Transcribe the listing below from its opening line up to and including the line that contains "Bright winter coloring"; reproduce nothing else.
======== Extracted information
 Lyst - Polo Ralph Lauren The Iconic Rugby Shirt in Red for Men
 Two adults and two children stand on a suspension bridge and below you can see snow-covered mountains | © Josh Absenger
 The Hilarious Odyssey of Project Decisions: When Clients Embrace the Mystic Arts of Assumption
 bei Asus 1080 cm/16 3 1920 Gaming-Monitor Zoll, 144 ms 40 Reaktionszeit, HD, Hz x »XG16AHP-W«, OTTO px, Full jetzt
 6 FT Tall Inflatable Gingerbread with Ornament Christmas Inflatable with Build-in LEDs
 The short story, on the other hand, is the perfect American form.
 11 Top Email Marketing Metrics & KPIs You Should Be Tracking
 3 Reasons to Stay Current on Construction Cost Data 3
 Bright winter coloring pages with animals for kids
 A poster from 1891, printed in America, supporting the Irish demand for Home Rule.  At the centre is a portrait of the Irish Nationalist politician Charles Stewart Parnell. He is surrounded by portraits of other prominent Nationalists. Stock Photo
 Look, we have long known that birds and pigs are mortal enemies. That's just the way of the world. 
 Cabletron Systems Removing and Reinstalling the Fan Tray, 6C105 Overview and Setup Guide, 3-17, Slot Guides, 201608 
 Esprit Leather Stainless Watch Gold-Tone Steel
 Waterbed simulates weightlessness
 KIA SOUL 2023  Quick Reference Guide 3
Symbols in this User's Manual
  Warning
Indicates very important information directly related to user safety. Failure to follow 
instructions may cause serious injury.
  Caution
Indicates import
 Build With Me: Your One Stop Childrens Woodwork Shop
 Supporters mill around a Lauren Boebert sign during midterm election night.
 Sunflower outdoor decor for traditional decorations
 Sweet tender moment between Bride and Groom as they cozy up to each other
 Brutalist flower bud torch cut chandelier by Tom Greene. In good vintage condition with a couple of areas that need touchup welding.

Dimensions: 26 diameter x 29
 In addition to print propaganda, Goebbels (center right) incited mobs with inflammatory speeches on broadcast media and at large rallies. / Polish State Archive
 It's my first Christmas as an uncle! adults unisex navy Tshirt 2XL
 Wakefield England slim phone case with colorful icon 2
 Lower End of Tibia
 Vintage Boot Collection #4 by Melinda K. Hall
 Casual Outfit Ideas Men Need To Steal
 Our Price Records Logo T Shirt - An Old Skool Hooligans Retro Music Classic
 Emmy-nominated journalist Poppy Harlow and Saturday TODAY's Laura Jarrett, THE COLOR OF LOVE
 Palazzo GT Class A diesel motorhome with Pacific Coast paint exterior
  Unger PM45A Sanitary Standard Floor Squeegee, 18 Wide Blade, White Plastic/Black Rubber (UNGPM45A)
================
### [Result for this exercise]
 Lyst - Polo Ralph Lauren The Iconic Rugby Shirt in Red for Men
 Two adults and two children stand on a suspension bridge and below you can see snow-covered mountains | © Josh Absenger
 The Hilarious Odyssey of Project Decisions: When Clients Embrace the Mystic Arts of Assumption
 bei Asus 1080 cm/16 3 1920 Gaming-Monitor Zoll, 144 ms 40 Reaktionszeit, HD, Hz x »XG16AHP-W«, OTTO px, Full jetzt
 6 FT Tall Inflatable Gingerbread with Ornament Christmas Inflatable with Build-in LEDs
 The short story, on the other hand, is the perfect American form.
 11 Top Email Marketing Metrics & KPIs You Should Be Tracking
 3 Reasons to Stay Current on Construction Cost Data 3
 Bright winter coloring pages with animals for kids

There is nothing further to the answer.